Dear ZINDI and fellow contestants, please I have a question that needs clearing up.
It says that "The goal is to classify the image according to the type of wheat rust that appears most prominently in the image." and the log_loss function is being used as the evaluation metric.
So if there is a model prediction of healthy, leaf_rust,stem_rust [0.21, 0.98, 0.63] is the log_loss function calculated based on the model's dominant class prediction(0.98) and the true dominant class, or based on all the model's predictions against the true predictions?
For example, say my model ouput predictions for a single image for ['healthy','leaf_rust','stem_rust'] are [0.2,0.7,0.1] while the true predictions are [0.8,0.4,0.3], is the log loss calculated as:
a) log_loss(0.8,0.2) #in this case, only the deviation between the model's predicted dominant class and the true dominant class is taken into accout
b)log_loss(0.8,0.2) + log_loss(0.7,0.4) + log_loss(0.3,0.1) #Here, all the predictions for all the classes of the image are taken into account.
Thank you in advance for your swift reply
There is only one true class for each image. The logloss is calculated against your prediction for that class; essentially every prediction is log_loss(1,[your prediction for the ground truth class])
In your example, predictions for ['healthy','leaf_rust','stem_rust'] being [0.2,0.7,0.1]:
if the true class was leaf_rust, it's log_loss of a true prediction of 0.7, which is a loss of 0.3566
if the true class was stem_rush, it's log_loss for a true prediciton of 0.1, which is a loss of 2.302
Thank you for this reply, but I just did a little tweaking of the model predictions in lieu of what you said, and the result I had contradicts your assumption. Could someone else, or perhaps the ZINDI organizers kindly comment on this please?

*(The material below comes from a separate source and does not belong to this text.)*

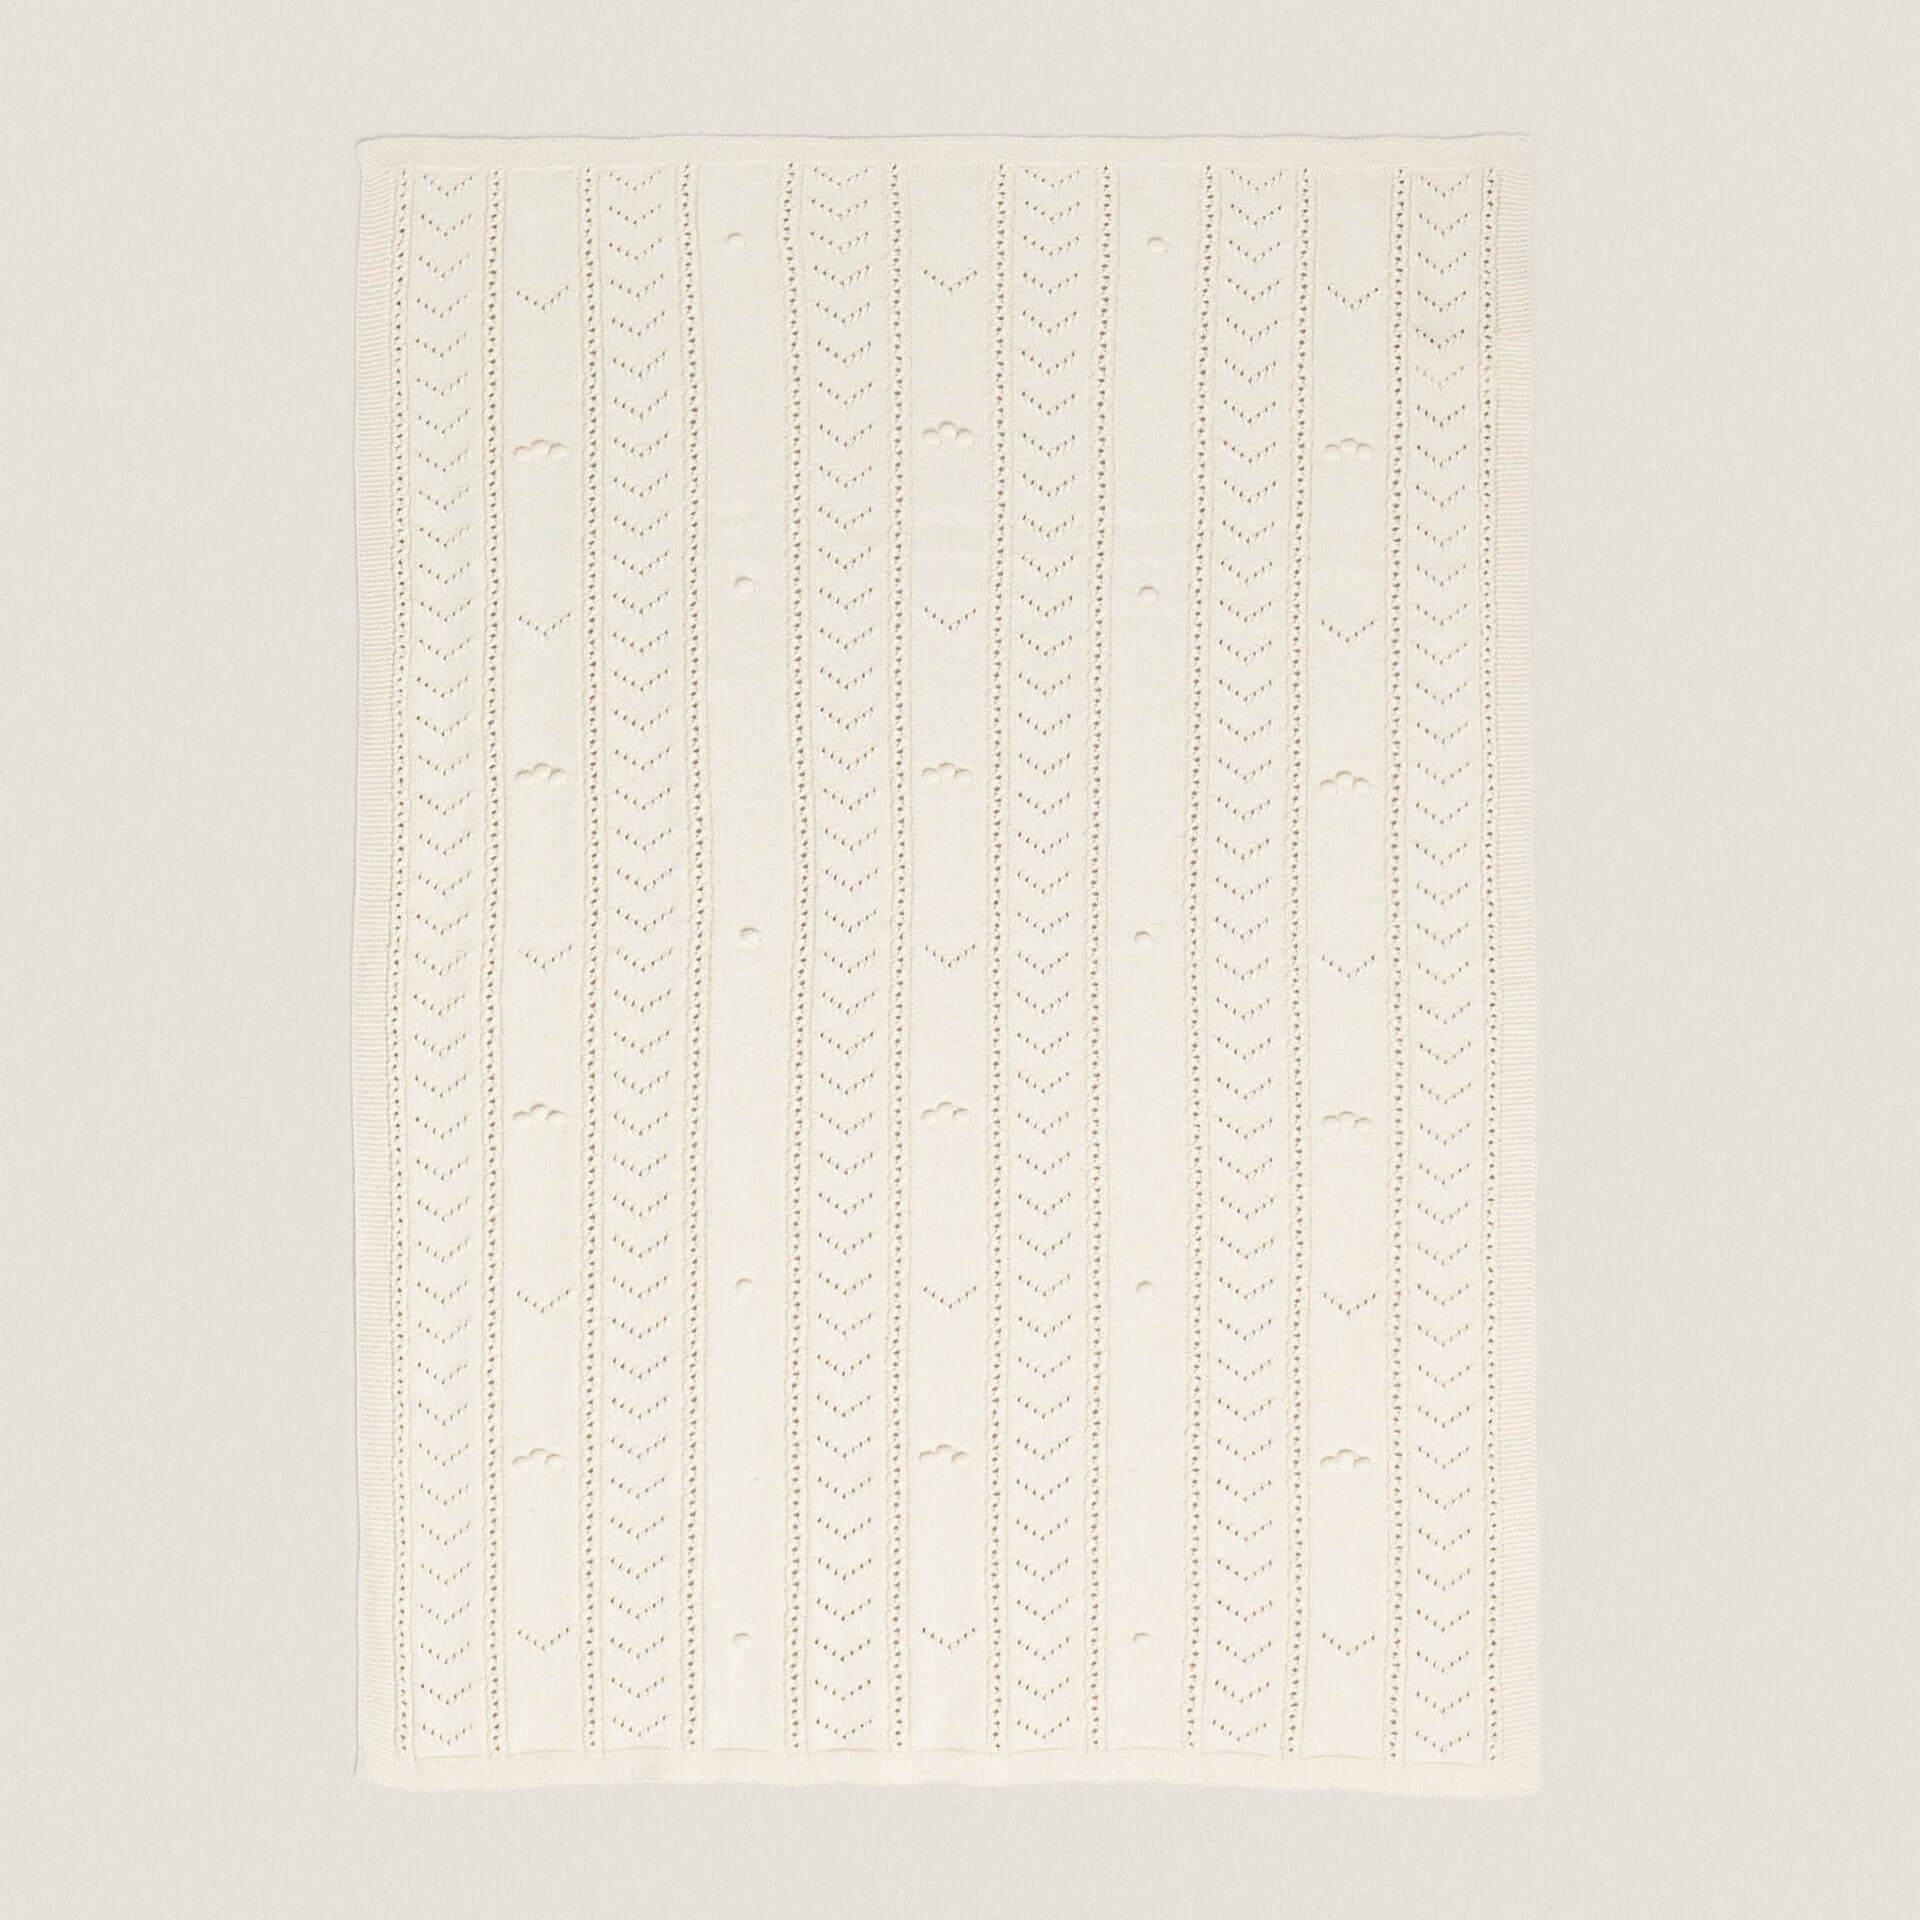 Детское одеяло Zara Home Open-Knit, белый хлопковое муслиновое одеяло 6 слоев для пеленания мягкое детское одеяло покрывало для коляски банное полотенце детское одеяло прямая п

Keep in mind, probabilities will be scaled so that the total is 1. In a couple of the examples you gave, you have a trio of predictions that adds up to far greater than 1, such as [0.21, 0.98, 0.63]. You can't be 98% confident of one class and 63% confident of another. Typical logloss measurement will conveniently scale each of those probabilities down, then go about measuring against the scaled prediction of the true class. Similarly, a cap is ordinarily used to prohibit infinite loss on an incorrect 0% probability.
And I didn't mention, but it's the average of all individual losses, whereas in your original question you have a sum. It's a bit hard to follow the examples you have because few of them actually fit inside 100%. But it's neither A nor B. There is no such thing as a dominant class. It's merely whatever the probability you assigned to the true class. For an image of a healthy plant, you'll get the same logloss if you predict ['healthy','leaf_rust','stem_rust'] [0.4, 0.3, 0.3] as you will if you predict [0.4, 0.59, 0.01]. It's logloss of 0.4 (which is ~0.9163).
You're right that Zindi may have an alternative implementation, but this is the standard: https://scikit-learn.org/stable/modules/generated/sklearn.metrics.log_loss.html
from sklearn.metrics import log_loss
log_loss(["a","b","c"],[[0.4,0.35,0.25],[0.4,0.35,0.25],[0.4,0.35,0.25]]) ## 1.1174690724975747
log_loss(["a","b","c"],[[0.4,0.59,0.01],[0.4,0.35,0.25],[0.4,0.35,0.25]]) ## 1.1174690724975747
So the dominant class changed in the first prediction set with no effect on the score, since p(b) isn't used in the calculation for that, as "a" is the answer.
You can work it out if you want, here showing the log of 1.A, 2.B, 3.C probabilities
(-log(0.4) + -log(0.35) + -log(0.25))/3 ## 1.1174690724975747
And just to show that the class matters and use an example where the positive predictions aren't identical, here is the result of the altered class was correct and 1.B, 2.A, 3.C probabilities are used:
log_loss(["b","a","c"],[[0.4,0.59,0.01],[0.4,0.35,0.25],[0.4,0.35,0.25]]) ## 0.9434059450254725
(-log(0.59) + -log(0.4) + -log(0.25))/3 ## 0.9434059450254725
If you consider the 'true' labels to be of the form [0, 1, 0] and your predictions to be [0.3, 0.99, 0.67] for each image. The easiest way to calculate a score is `log_loss(y_true, y_pred)`. You could also do `log_loss(y_true.flatten(), y_pred.flatten())`. Importantly, it's taking into accont all predictions for all classses, not just considering the dominant class.
Given a dataframe 'preds' that looks like the sample submission, and one 'reference' that has the correct classes encoded in the same way, you can use `log_loss(reference[classes], preds[classes])` (provided they're in the same order!)
(Screenshot example: https://pasteboard.co/ITnW7Ad.png)
Thank you very much for the clarification
Thank you for this clarification. I understand it very well now
Please Chrisjay help me to understand. For example, I got [0.1 0.7 0.2] in the softmax results, how can I convert this to log loss?
I don't really understand your question, but I will try to answer by referring to Johnowhitaker post above:
"If you consider the 'true' labels to be of the form [0, 1, 0] and your predictions to be [0.1, 0.7, 0.2] for each image. The easiest way to calculate a score is `log_loss(y_true, y_pred)`. "
So you calculate the log_loss based on your predictions: [0.1 0.7 0.2] and the true predictions(which you don't know, but say for example it's [0, 1, 0]
So in the submission file, what we submit is log_loss or probabilistic results from model prediction?
If I use log_loss from ski-learn, all I get is single number let say 0.8 I don't know how I can put this in the submission file.
What you submit are the probabilistic results from model prediction.
Now I understand thank you.